**What this task involves**
As written and without pictures, set down the lines from the one that contains "plan de formación" through the end of the data.

**Recorded information**
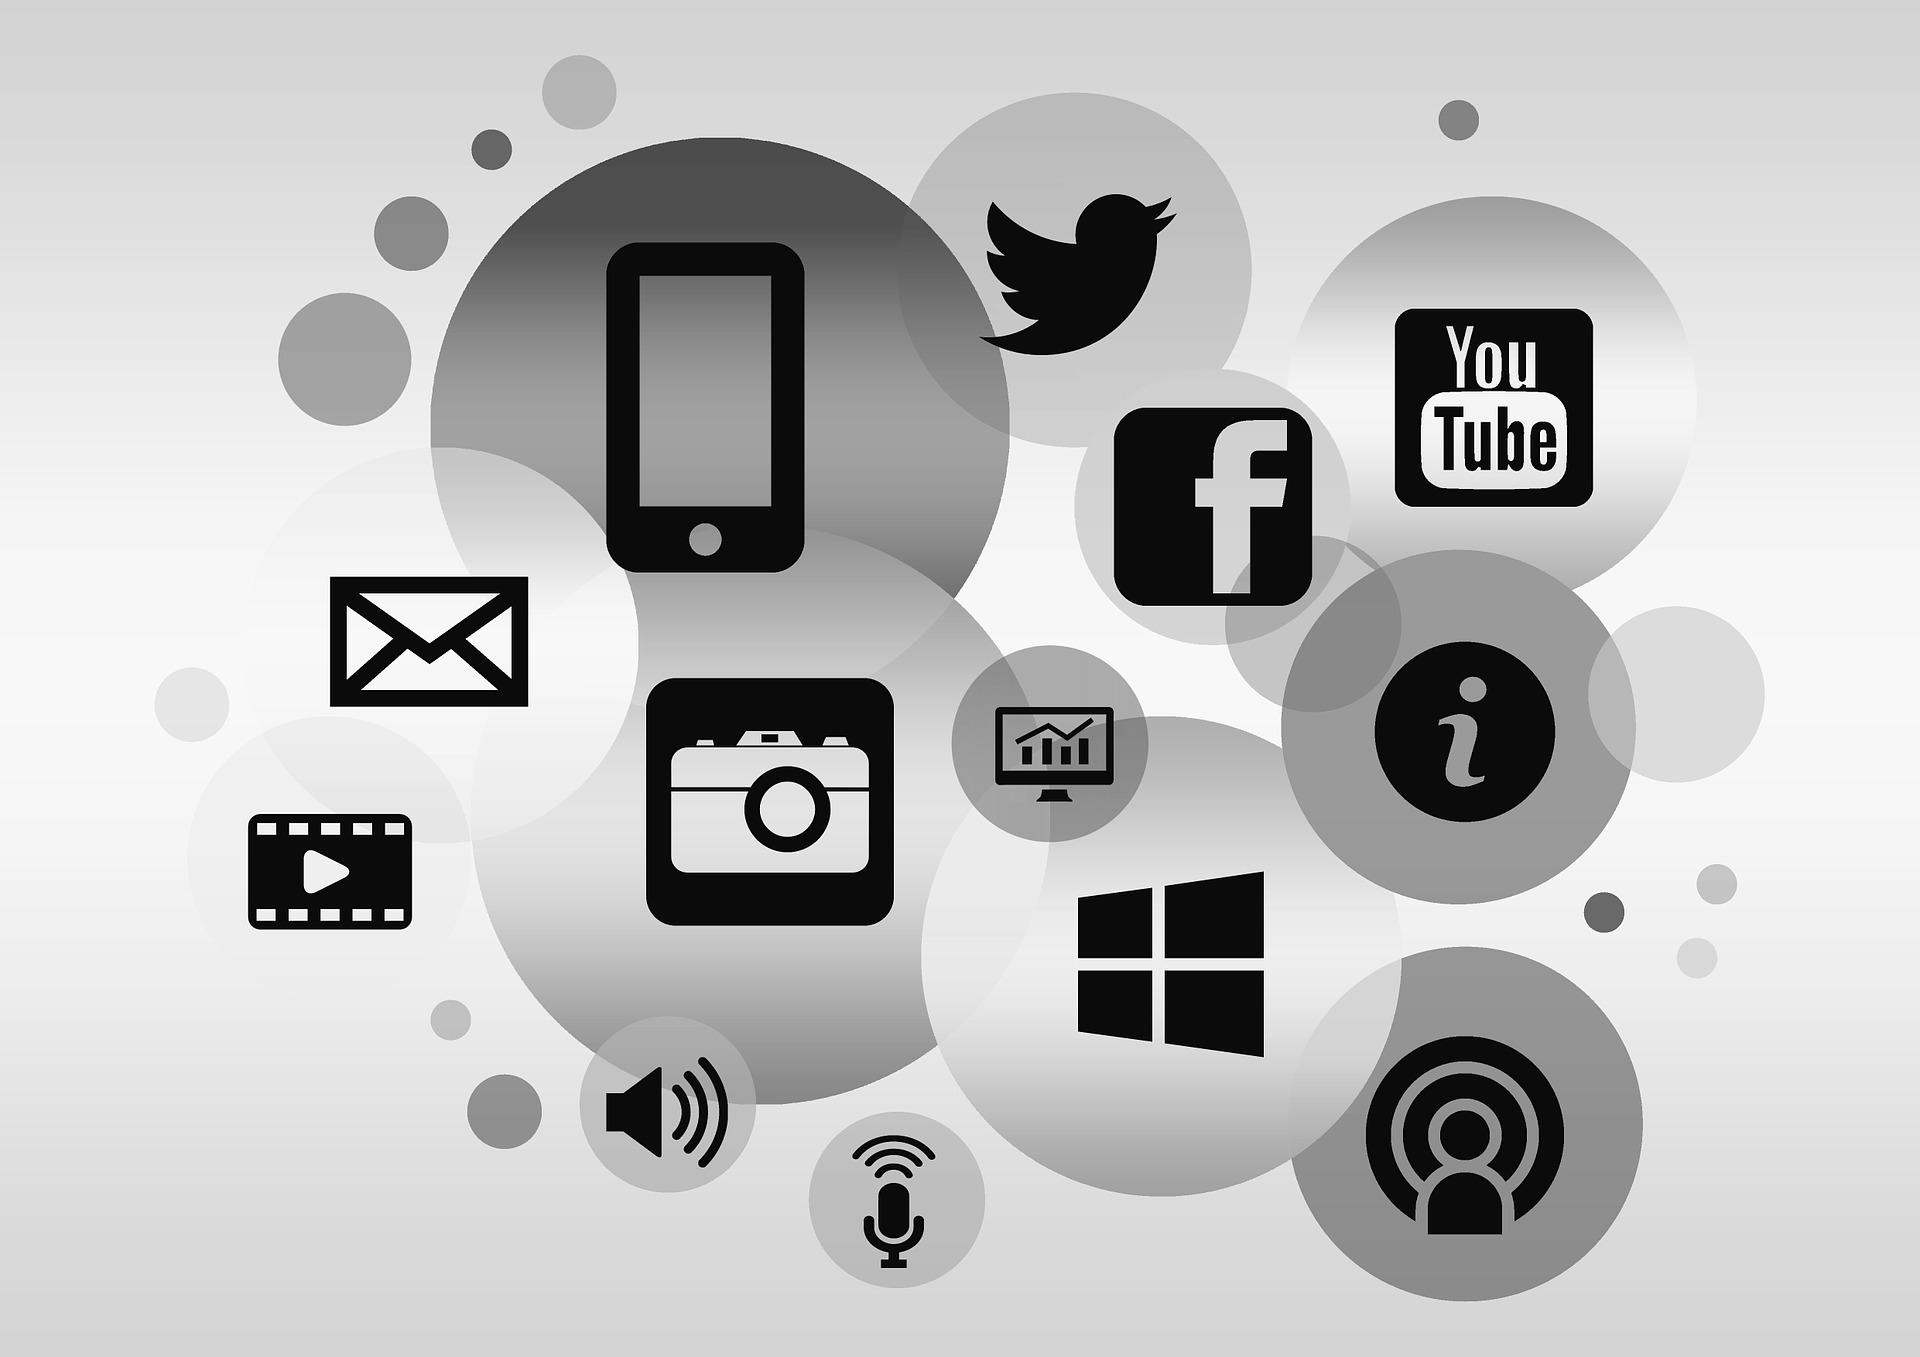 közösségi média és online élet illusztráció
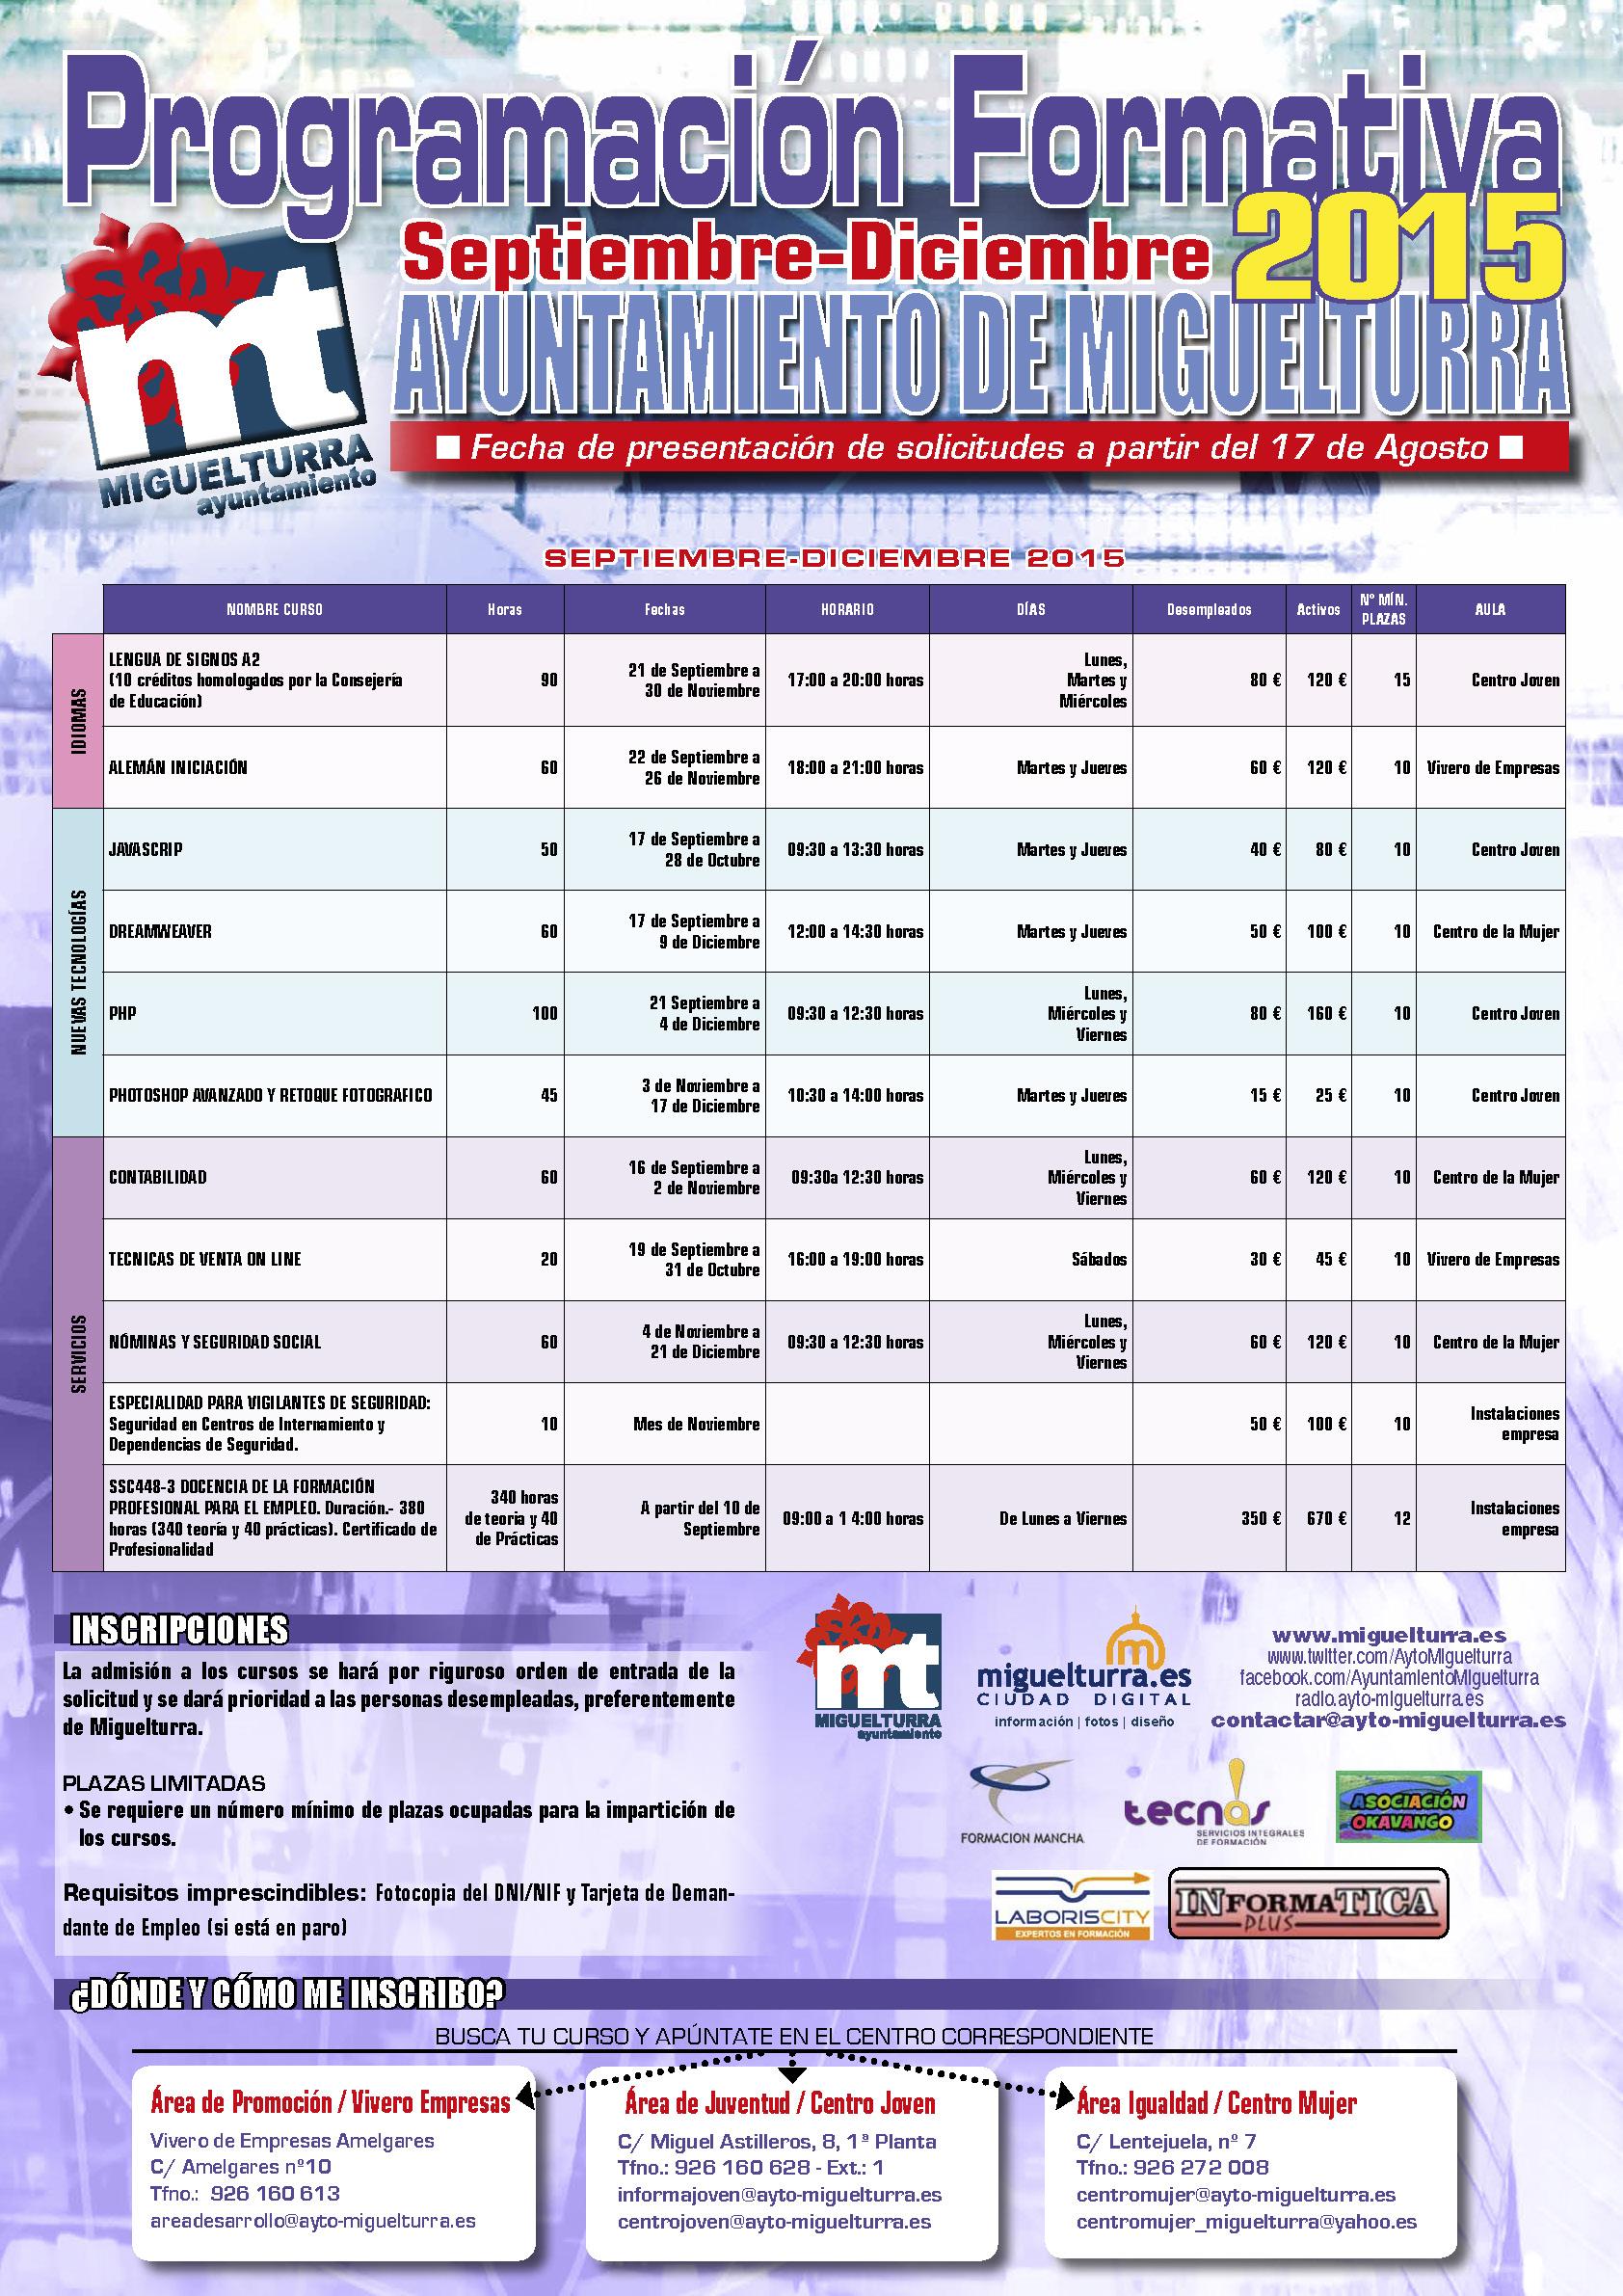 plan de formación del segundo semestre Ayto. de Miguelturra 2015
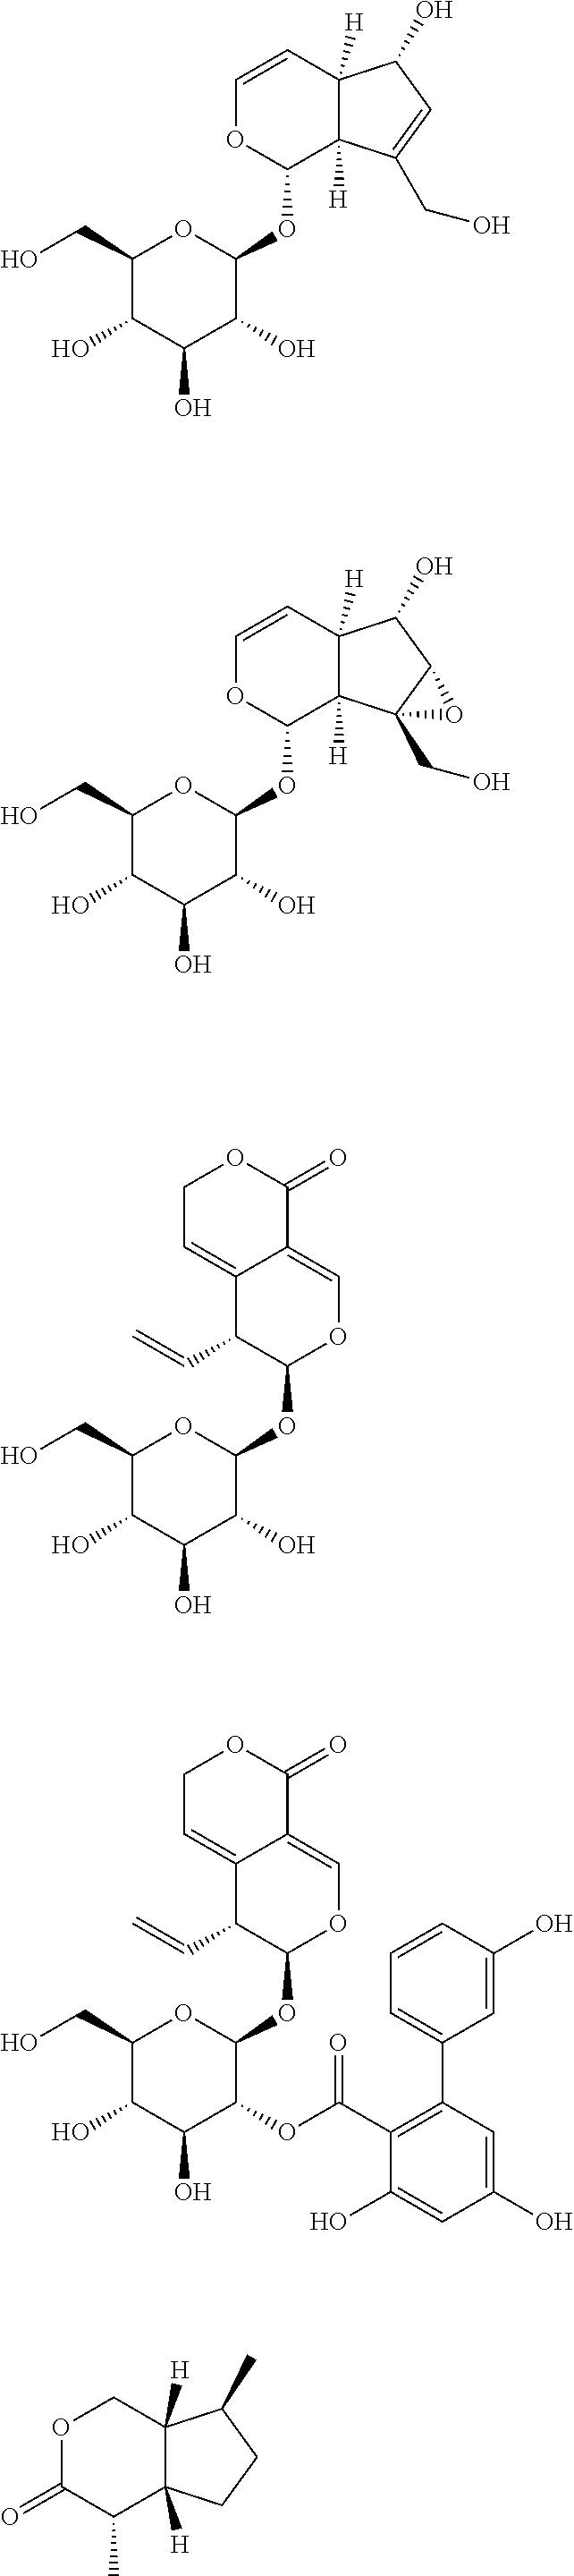 Figure US09962344-20180508-C00090

**Response area**
 plan de formación del segundo semestre Ayto. de Miguelturra 2015
 Figure US09962344-20180508-C00090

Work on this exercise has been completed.